Aim of the exercise:
Take the listing below and write it out again exactly, skipping any picture that it holds.

Supplied material:
● ● ● ●

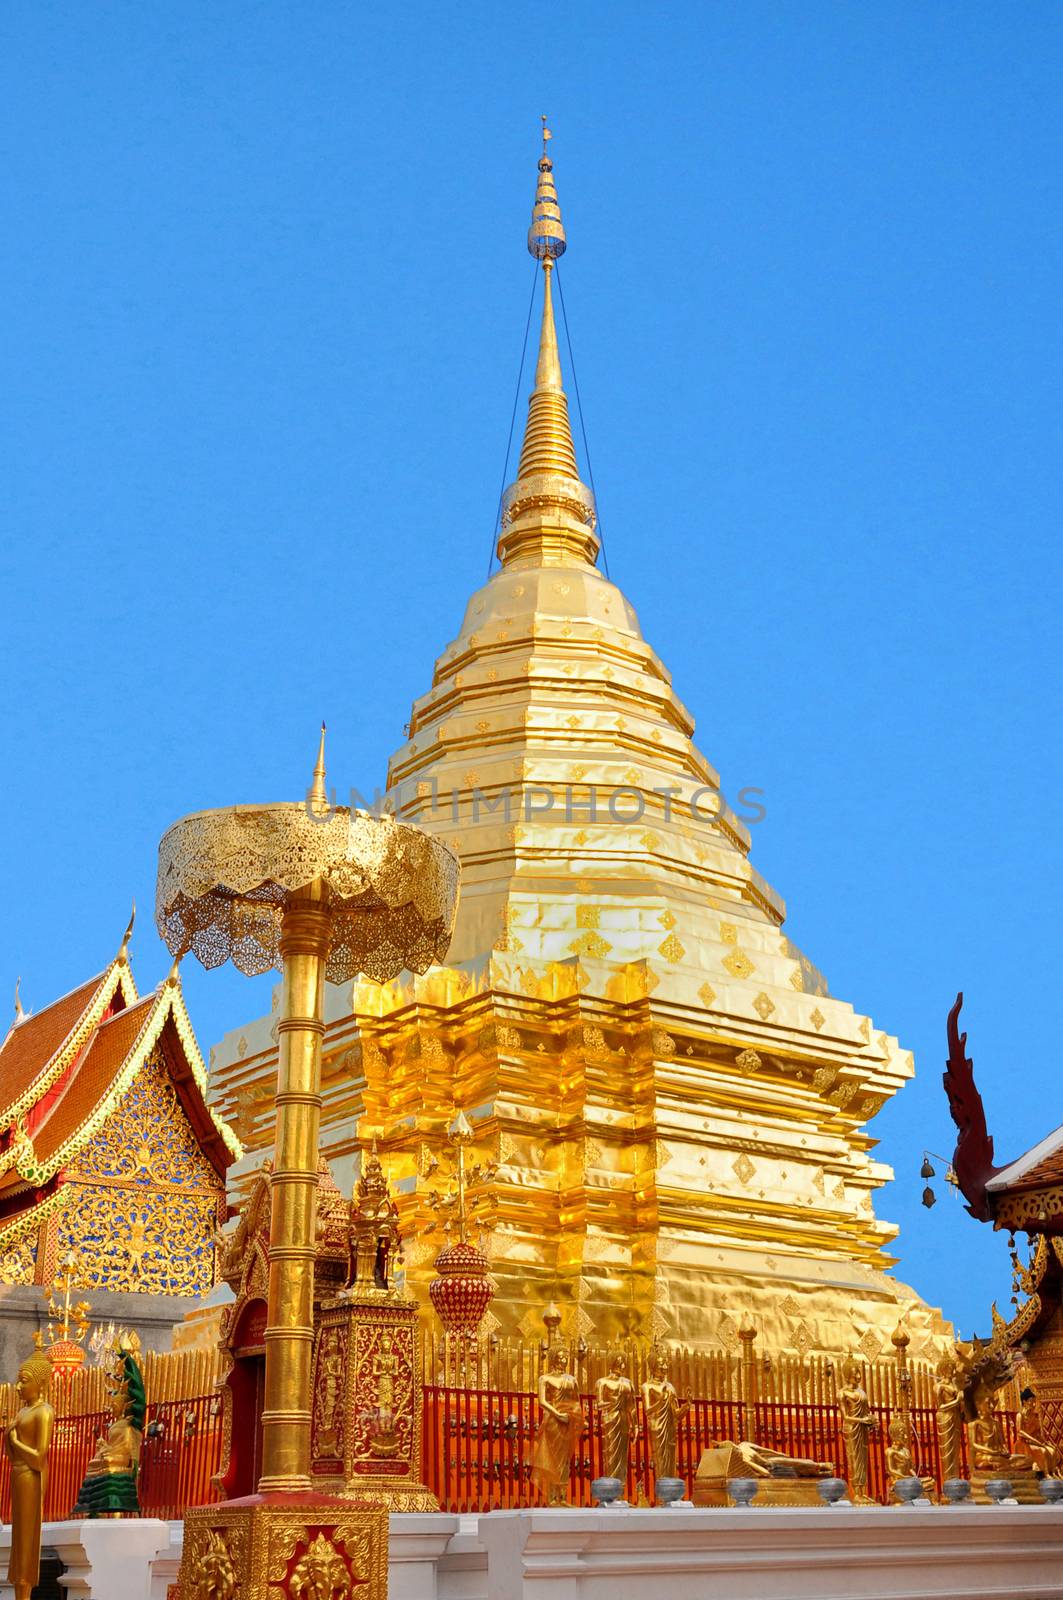 Pagoda at Wat Phra That Doi Suthep, Chiang Mai, Thailand.
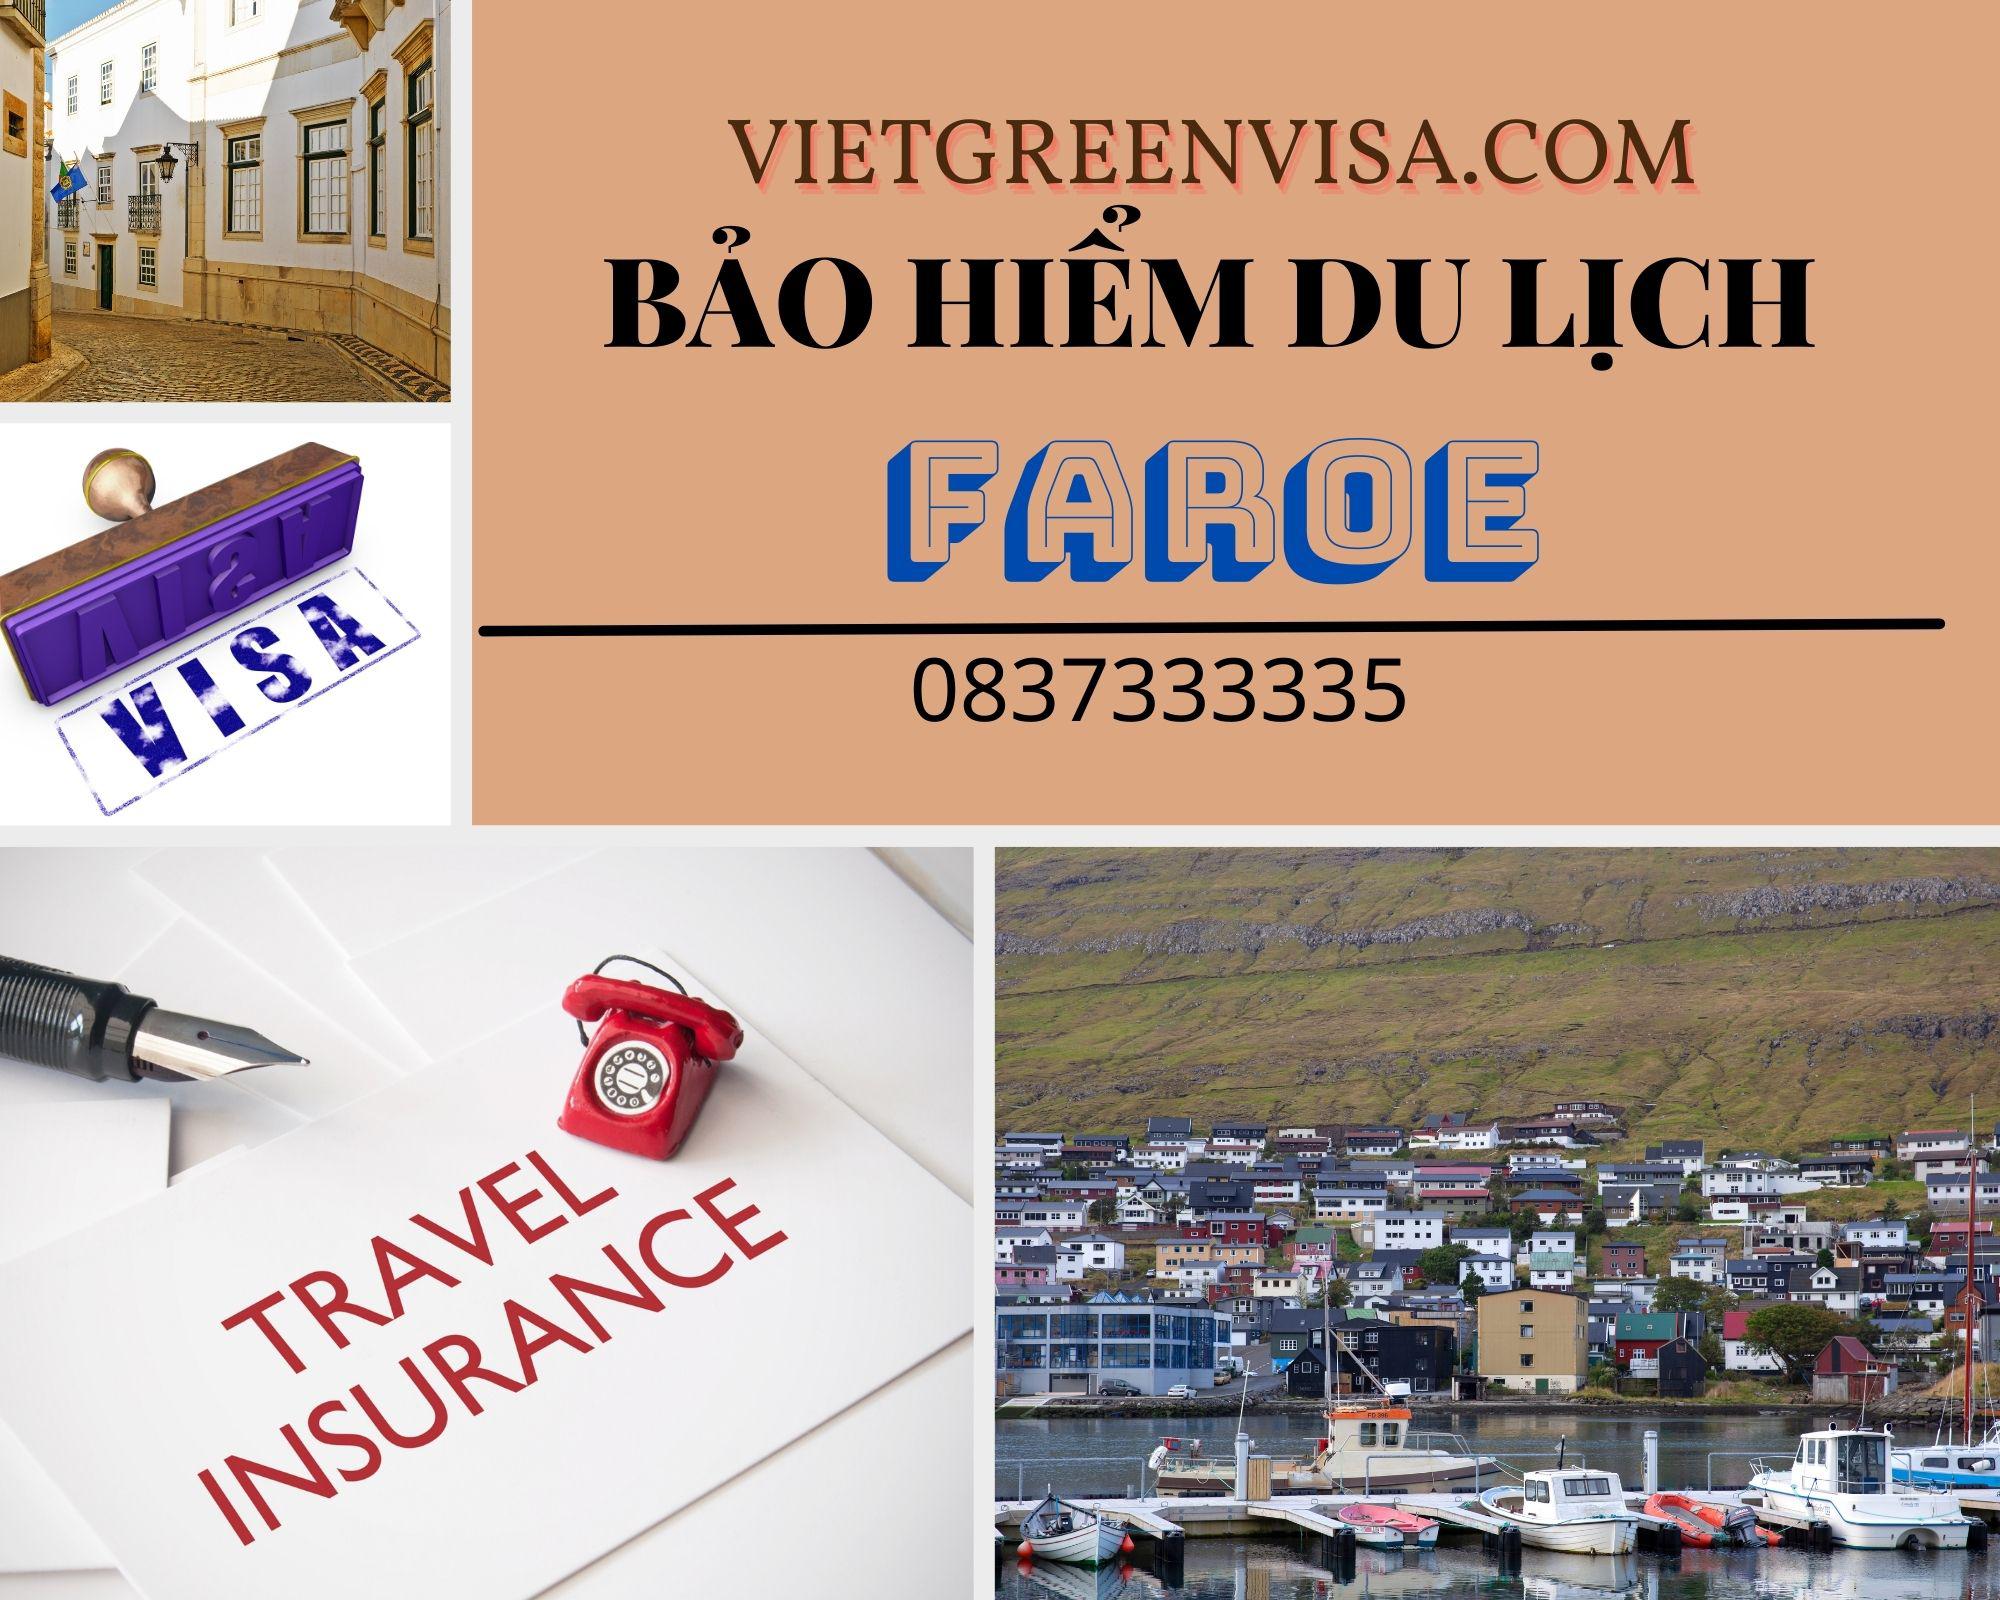 Dịch vụ bảo hiểm du lịch xin visa Faroe giá rẻ nhất
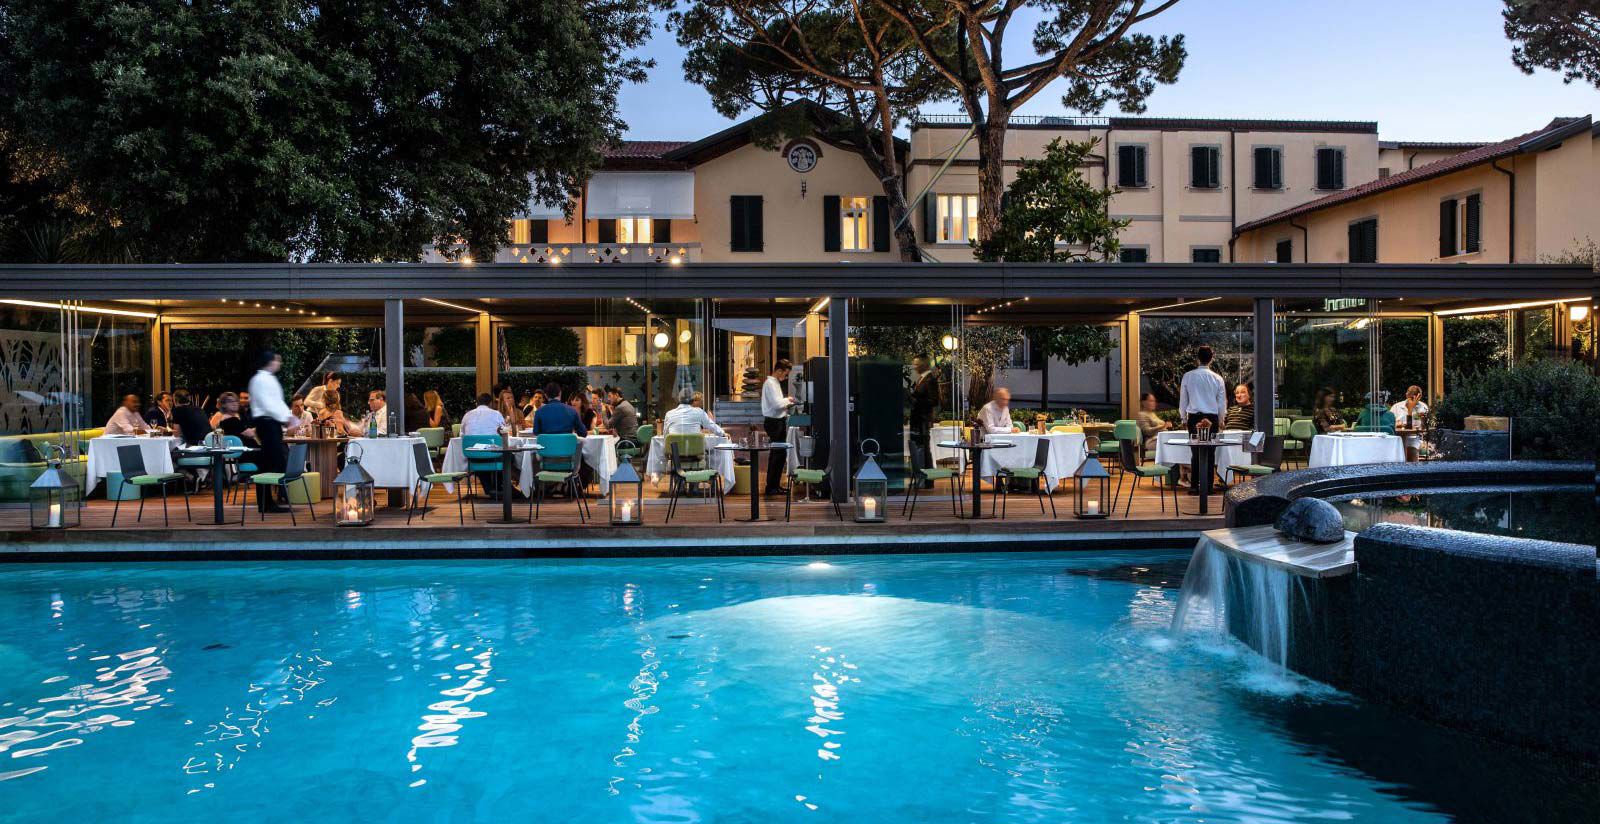 Hotel Byron - Hotel di lusso per famiglie in Toscana 4
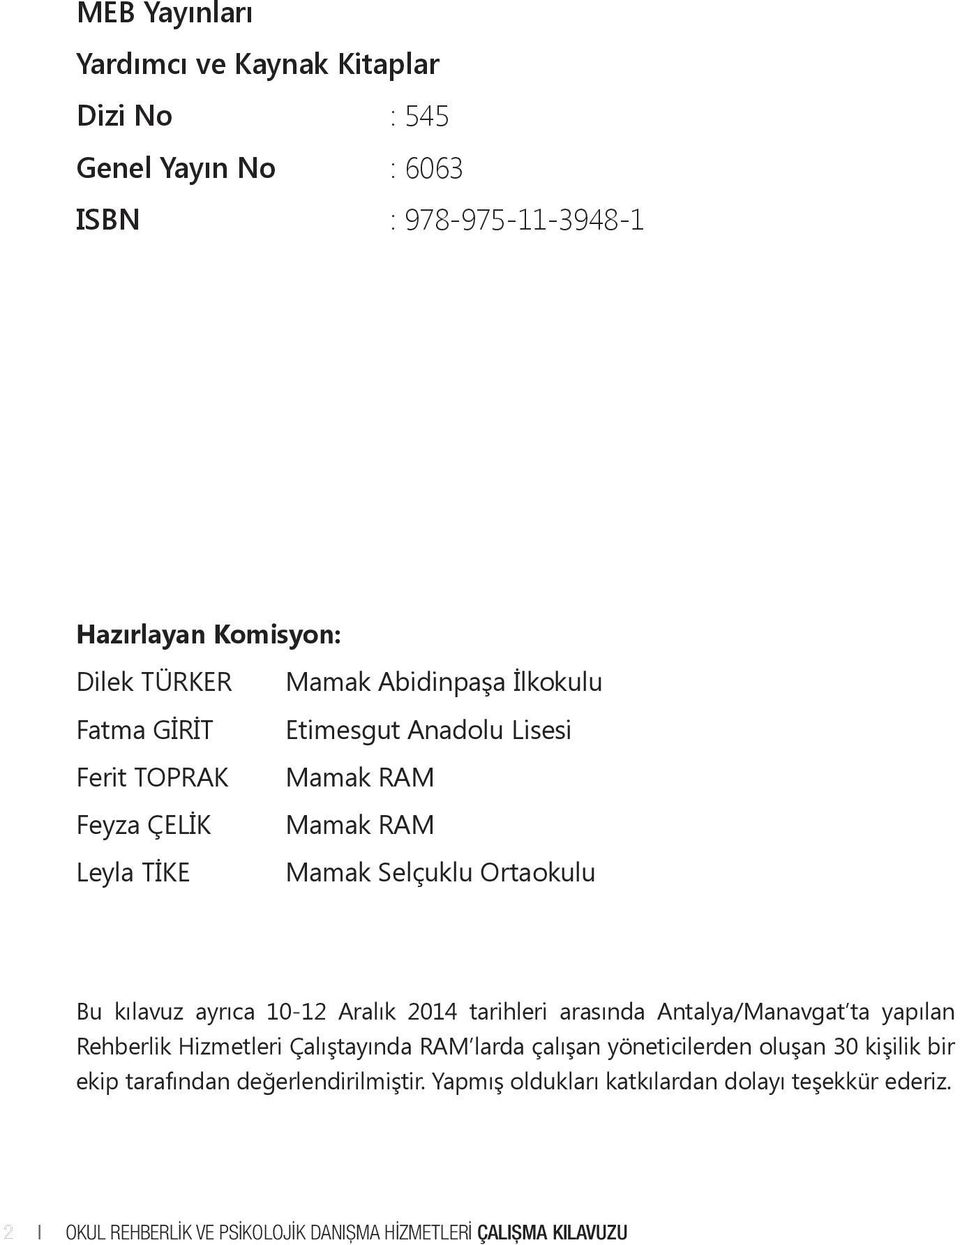 10-12 Aralık 2014 tarihleri arasında Antalya/Manavgat ta yapılan Rehberlik Hizmetleri Çalıştayında RAM larda çalışan yöneticilerden oluşan 30 kişilik

● ● ● ●

Task output:
 Pagoda at Wat Phra That Doi Suthep, Chiang Mai, Thailand.
 Dịch vụ bảo hiểm du lịch xin visa Faroe giá rẻ nhất
 Hotel Byron - Hotel di lusso per famiglie in Toscana 4
 10-12 Aralık 2014 tarihleri arasında Antalya/Manavgat ta yapılan Rehberlik Hizmetleri Çalıştayında RAM larda çalışan yöneticilerden oluşan 30 kişilik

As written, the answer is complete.